Germans have come to see the Nazis’ defeat as a liberation.
“We Germans can say today that the day of liberation is a day of gratitude,” Steinmeier said. “Today, we must liberate ourselves – from the temptation of a new nationalism; from fascination with the authoritarian; from distrust, isolation and enmity between nations; from hatred and agitation, from xenophobia and contempt for democracy.”
Merkel spoke with Russian President Vladimir Putin by phone on Friday to mark the anniversary, and the two agreed the war is a reminder of the need for “close co-operation between states and people to preserve and encourage peace and understanding”.
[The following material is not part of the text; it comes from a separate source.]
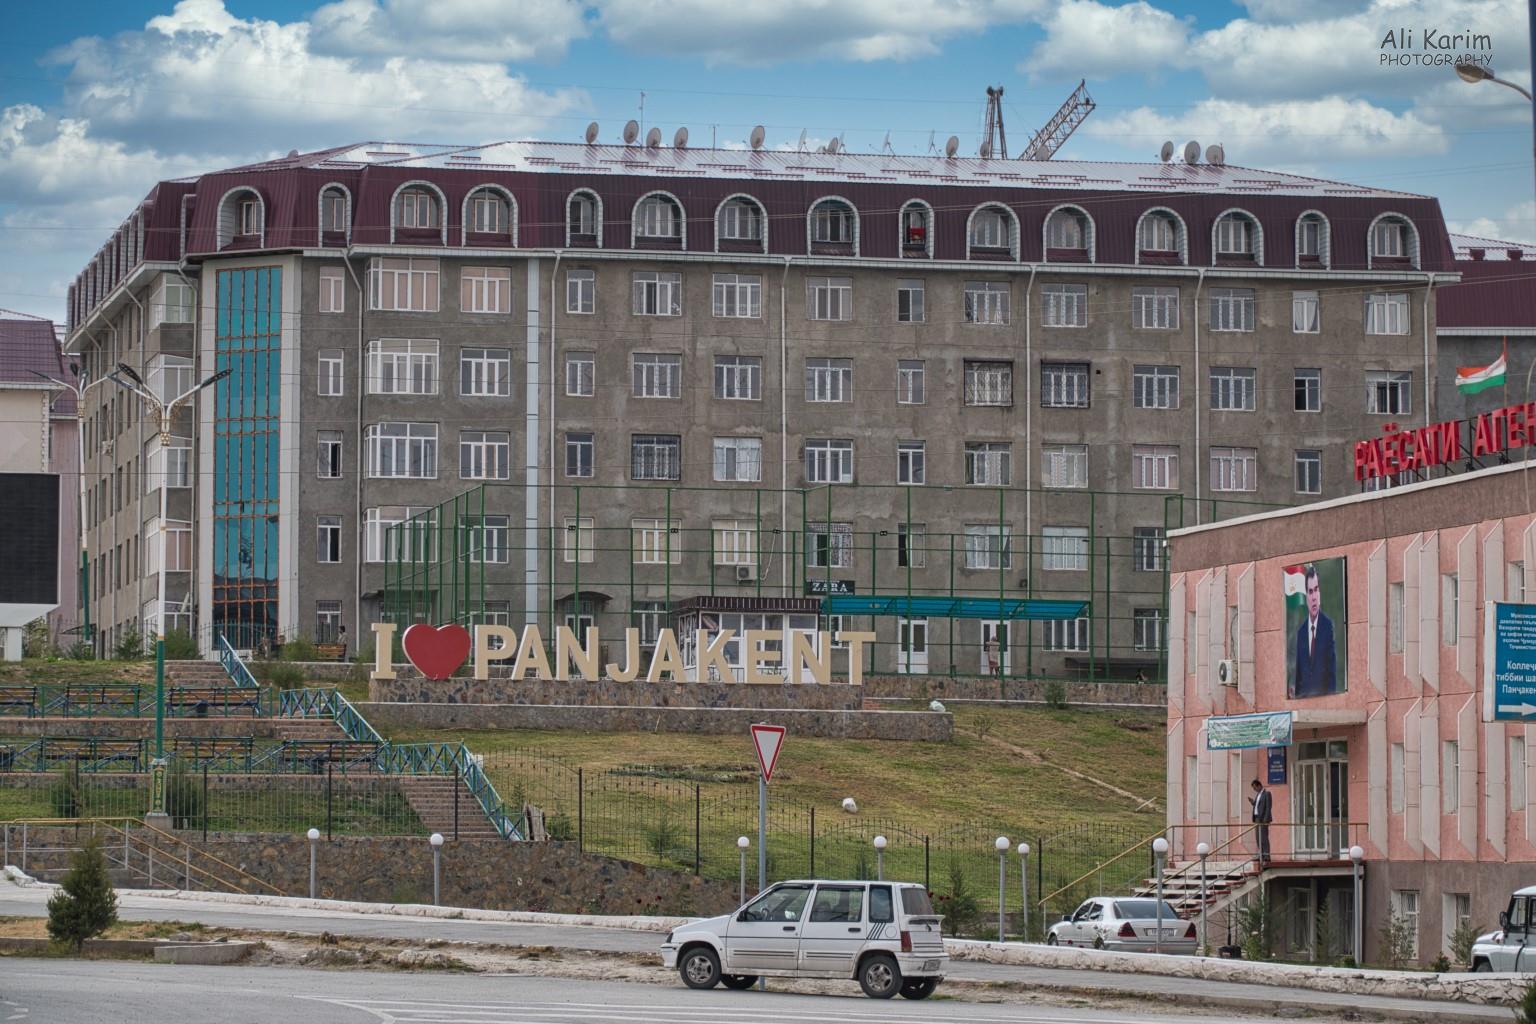 Samarkand, Uzbekistan Town of Panjakent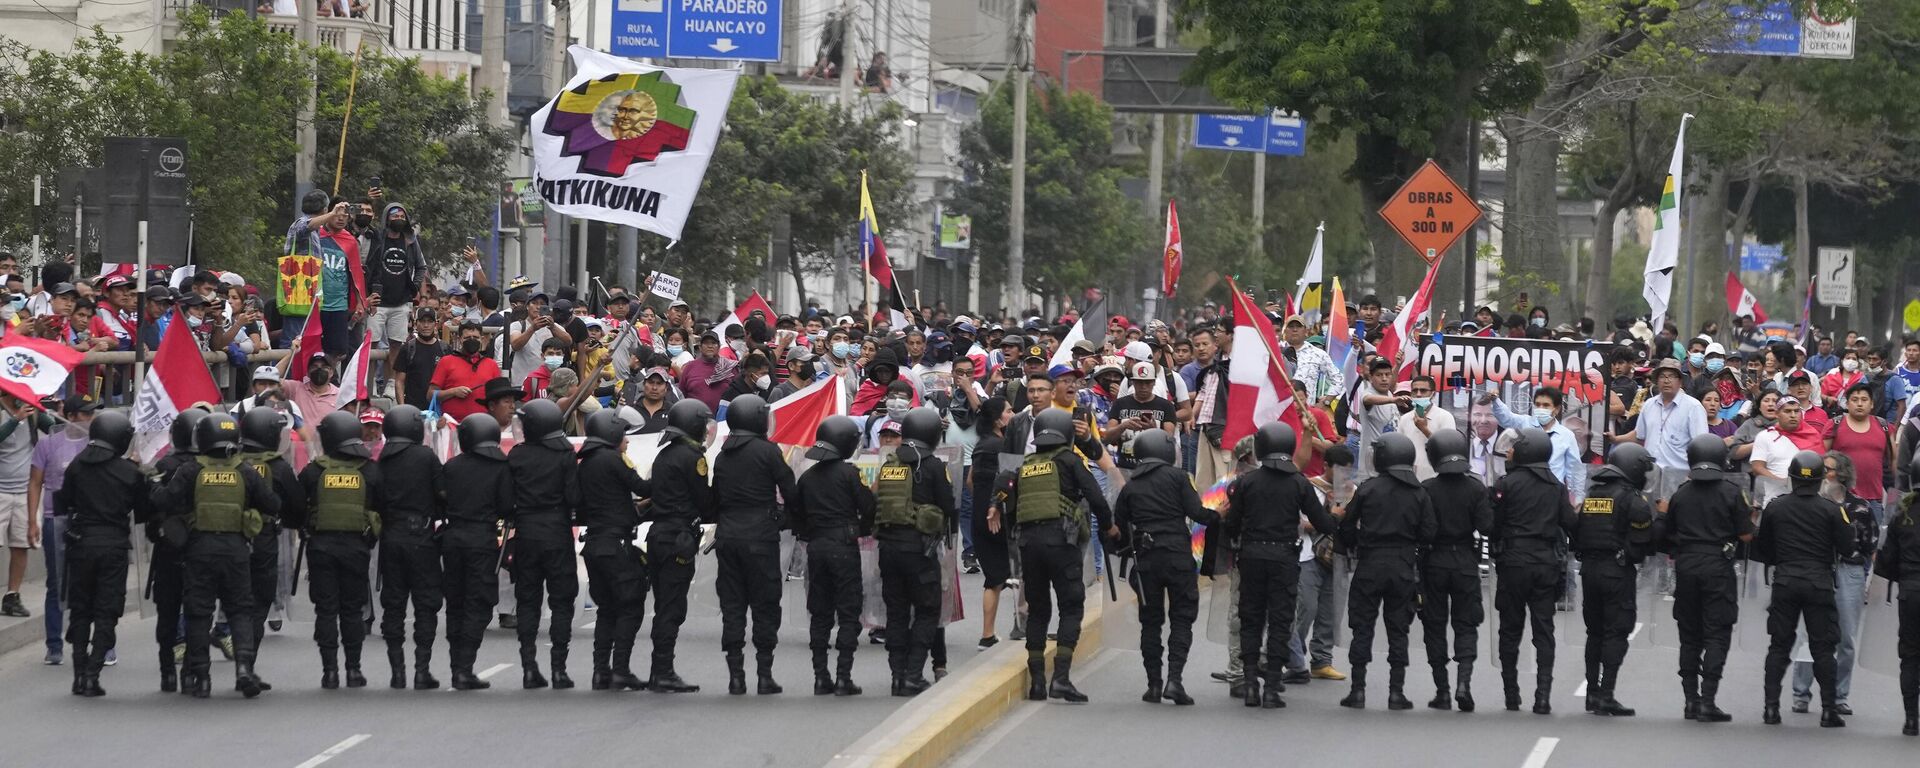 Manifestantes antigovernamentais que viajaram para a capital de todo o país são confrontados por uma linha de tropa de choque durante uma marcha contra a presidente peruana Dina Boluarte em Lima, Peru, 18 de janeiro de 2023 - Sputnik Brasil, 1920, 08.02.2023

In Poland, VE Day elicits mixed emotions as the defeat of Nazi Germany did not lead to the immediate freedoms that other European nations enjoyed. After the war, Poland was subjugated by the Soviet Union, and remained part of the communist bloc until 1989.
At a wreath-laying commemoration at the Tomb of the Unknown Soldier in Warsaw, President Andrzej Duda described VE Day as a “bittersweet anniversary” for a country that endured one of the most brutal Nazi occupations. Six million of Poland’s 35 million people were killed, half of whom were Jewish.
Duda lamented the fact that thousands of Polish troops who had fought alongside Allied forces during the war were later “betrayed” by the Allies and were not allowed to march in the 1946 Victory Parade in London for fear of straining British relations with Soviet leader Joseph Stalin.
World War II began on September 1, 1939, when Adolf Hitler’s Nazi forces invaded Poland.